Development Environment Setup

The sections below assumes the Lakeflow Framework repository has been cloned from git and you are in the root directory. If not please do so first.

Setting up for development as a contributor to the Lakeflow Framework

Once you have cloned the Lakeflow Framework repository, you’ll need to follow the steps below to set up the framework.

  1. Install requirements

    The dev dependencies are pinned and hash-verified in requirements-dev.lock (generated from requirements-dev.txt). Installing from the lockfile guarantees a reproducible environment that matches what CI uses.

    Install them from the root directory by running the following command (you may also want to use a virtual environment for this by running python -m venv .venv/ first. See Python Virtual Environments for more details):

    pip install --require-hashes --no-deps -r requirements-dev.lock
    

    requirements-dev.lock includes everything in requirements-docs.lock too, so you do not need a separate install step for building the documentation.

    If you change a dependency in any of the requirements*.txt files, regenerate all three lockfiles with the helper script from the repo root:

    ./scripts/generate_lockfiles.sh
    

    See Updating the Documentation for more details on the lockfiles.
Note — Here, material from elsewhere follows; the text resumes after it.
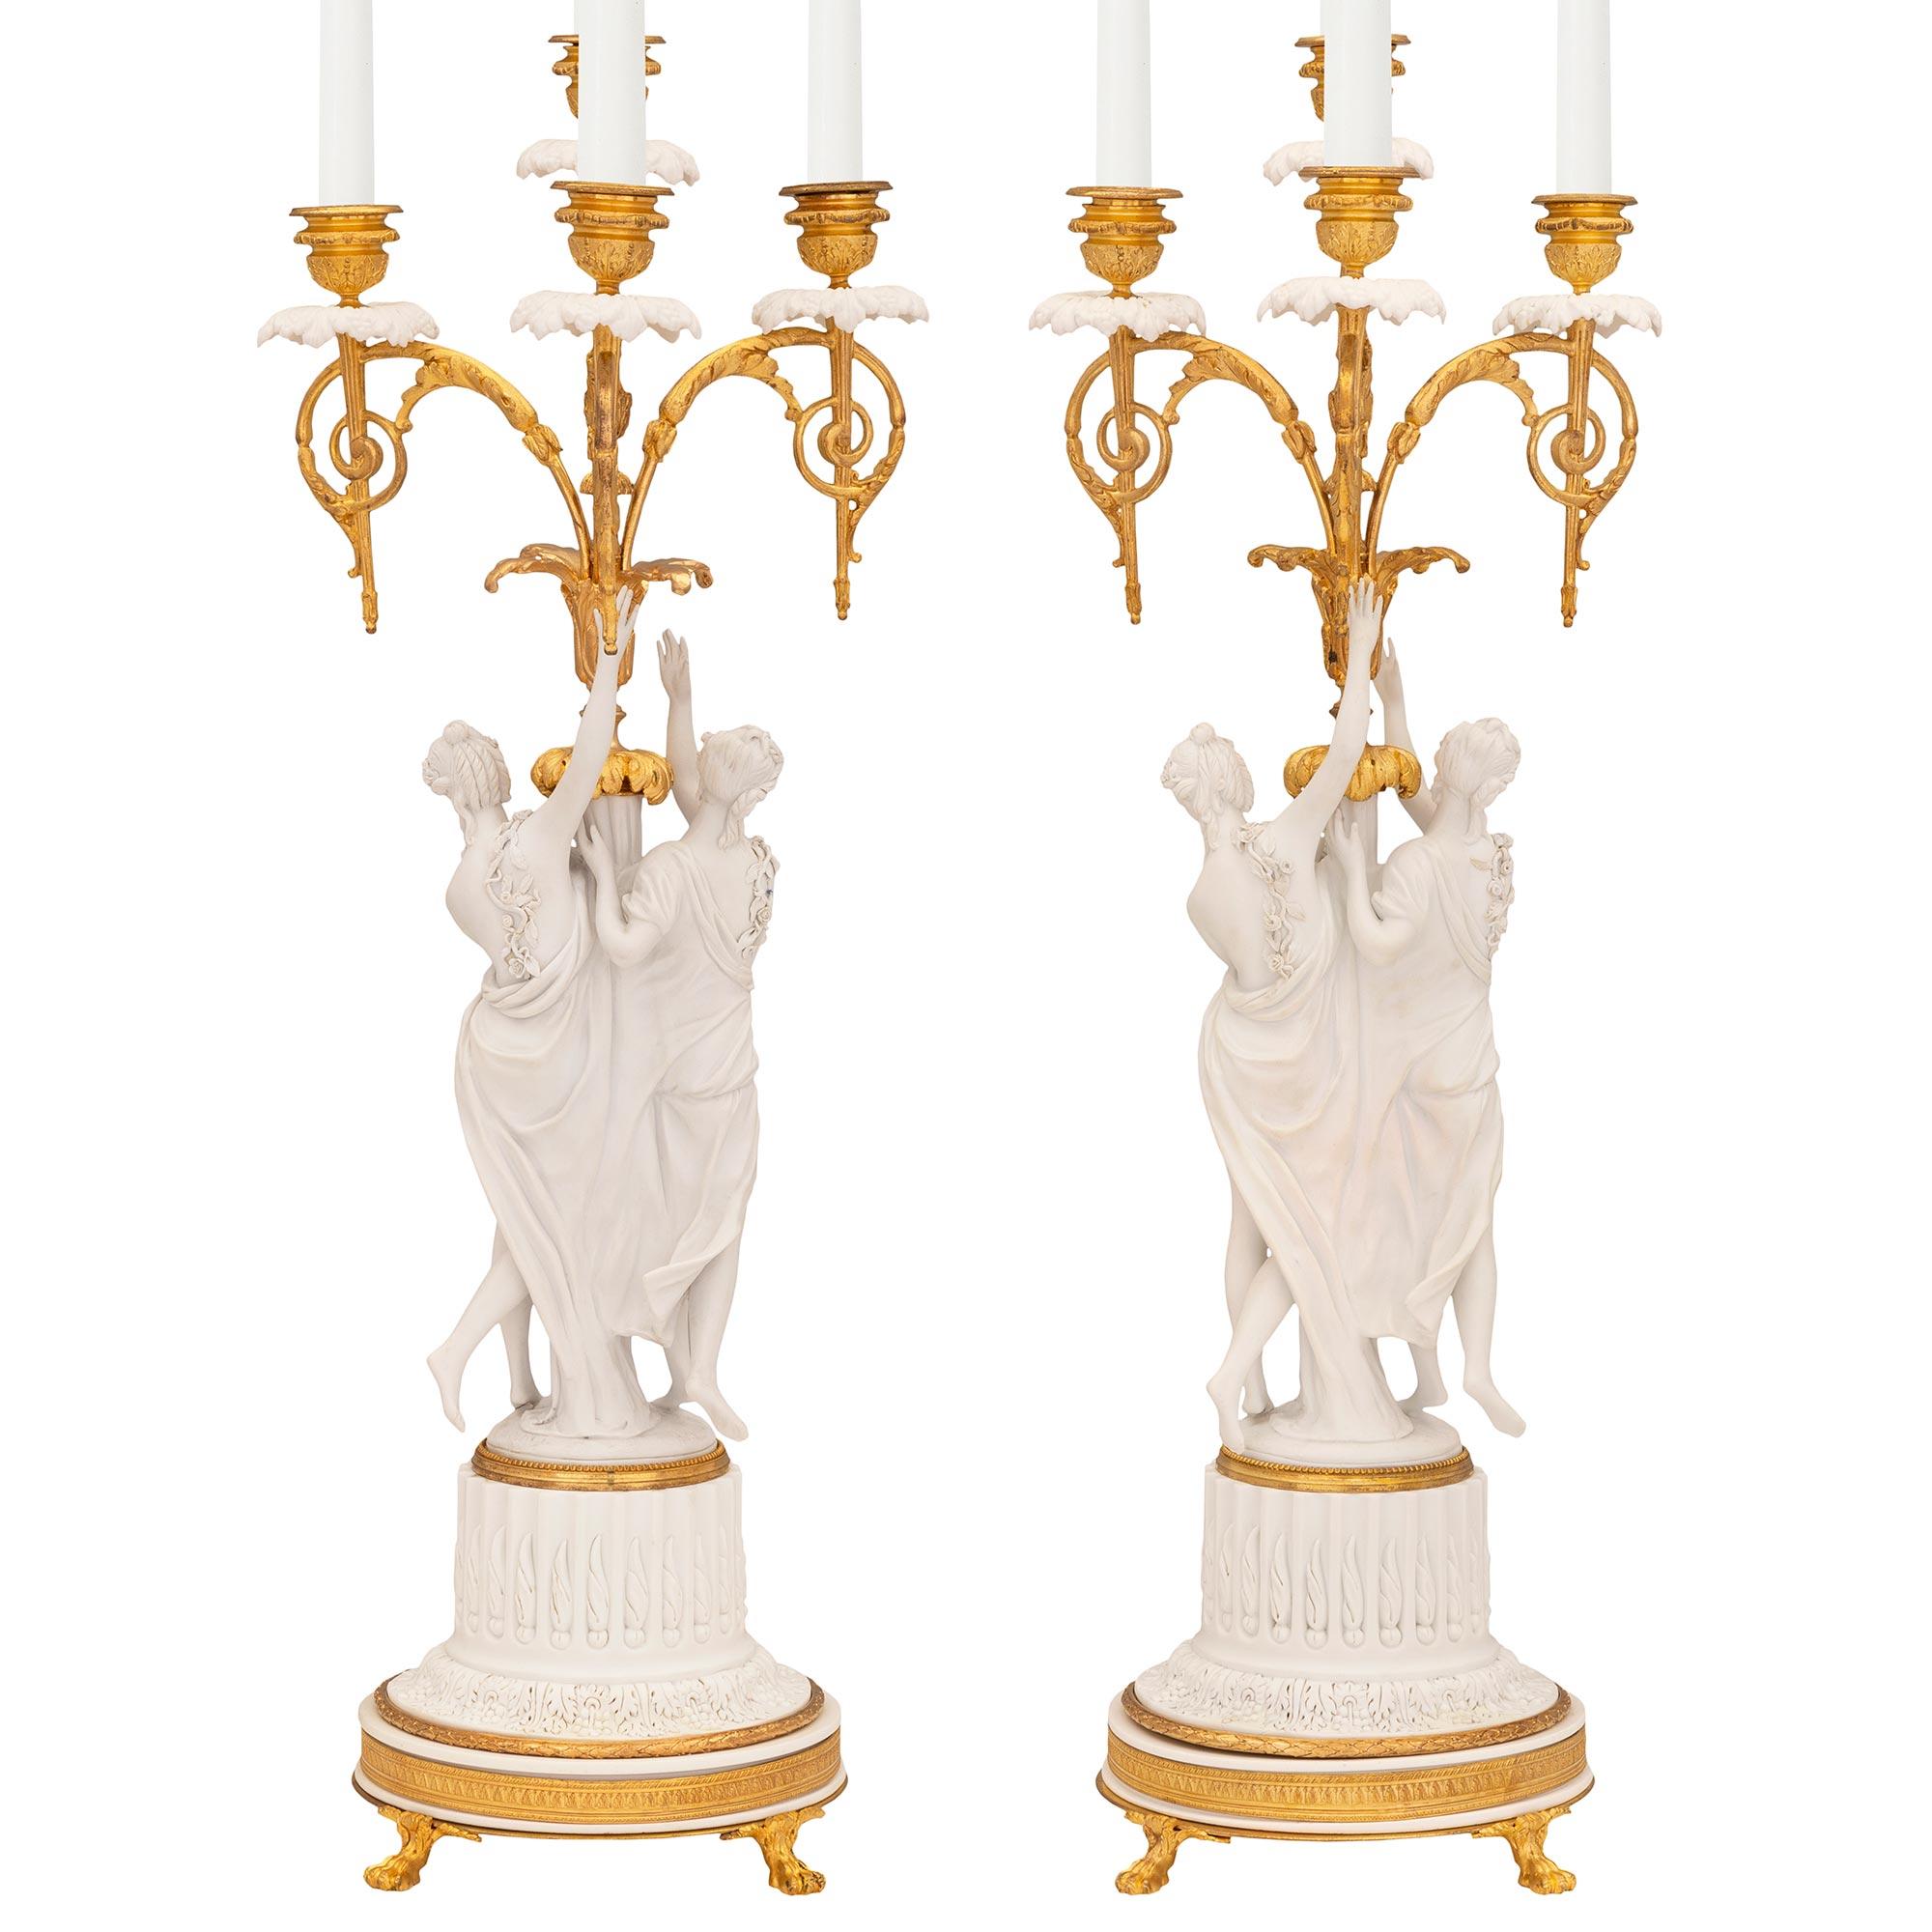 A stunning and very high quality pair of French 19th century Louis XVI st. ormolu and Biscuit de Sèvres porcelain candelabras, signed Sèvres and after a model by Lagneau. Each four arm candelabra is raised by handsome paw feet below an elegant
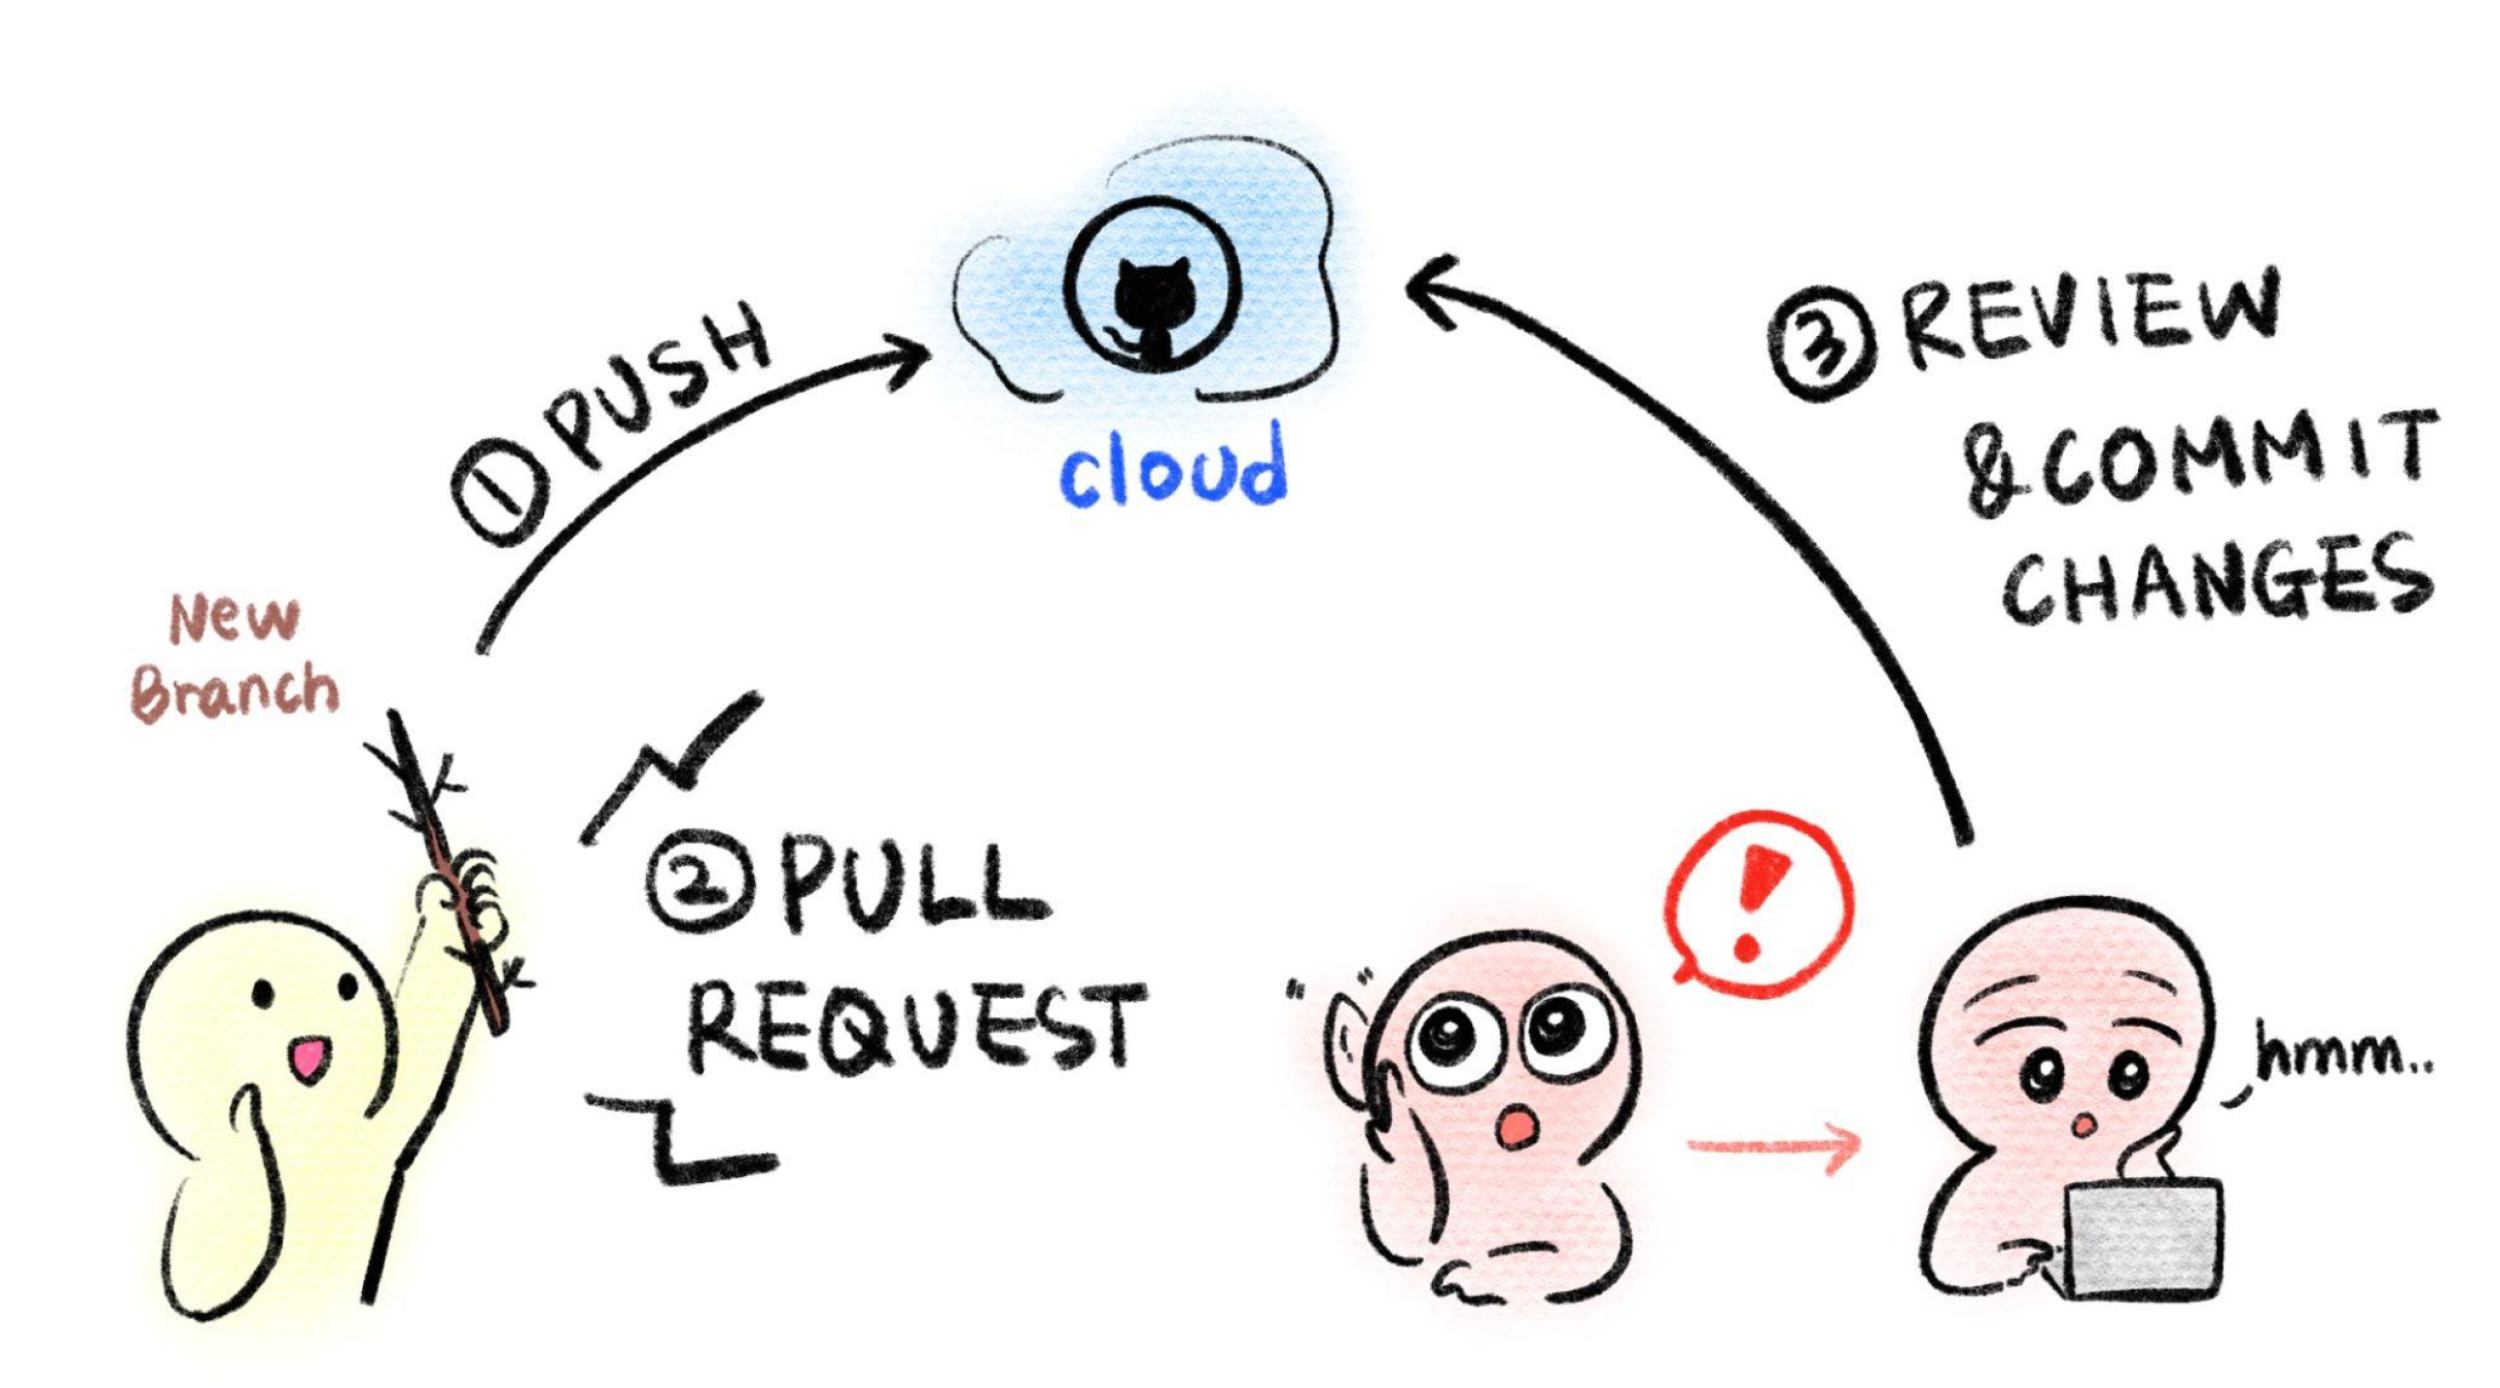 A simple illustration of how you can update codes and work together on GitHub. After you create and make updates to your new branch, you can push your changes to the GitHub cloud. Then, on the GitHub, you create a pull request, for others to come and review. Upon receiving the pull request, other users can review the changes and commit updates to the main branch.

  2. Set up VS Code extentions

    Once you open the Lakeflow Framework workspace in VS Code for the first time, VS Code will prompt you to install the recommended extensions. If you missed this prompt, you can review and install the recommended extensions with the Extensions: Show Recommended Extensions command or by clicking on the extentions tab on left side of the window and selecting “Workspace Recommendations”.

Note

To deploy the Lakeflow Framework to your Databricks workspace, follow the steps in Deploy the Framework.